§ GOAL OF THE EXERCISE
When the line containing "Strawberry and coconut balls" is found in the data below, copy it and each line after it through the line containing "Headstone with scrolled", exactly and with no others.

§ DATA FOR ANALYSIS
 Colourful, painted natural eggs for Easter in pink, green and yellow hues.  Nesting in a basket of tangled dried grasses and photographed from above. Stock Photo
...
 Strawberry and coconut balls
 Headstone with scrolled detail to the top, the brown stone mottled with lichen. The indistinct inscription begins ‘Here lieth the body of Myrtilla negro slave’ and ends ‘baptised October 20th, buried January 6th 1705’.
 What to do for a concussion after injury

§ EXPECTED ANSWER
 Strawberry and coconut balls
 Headstone with scrolled detail to the top, the brown stone mottled with lichen. The indistinct inscription begins ‘Here lieth the body of Myrtilla negro slave’ and ends ‘baptised October 20th, buried January 6th 1705’.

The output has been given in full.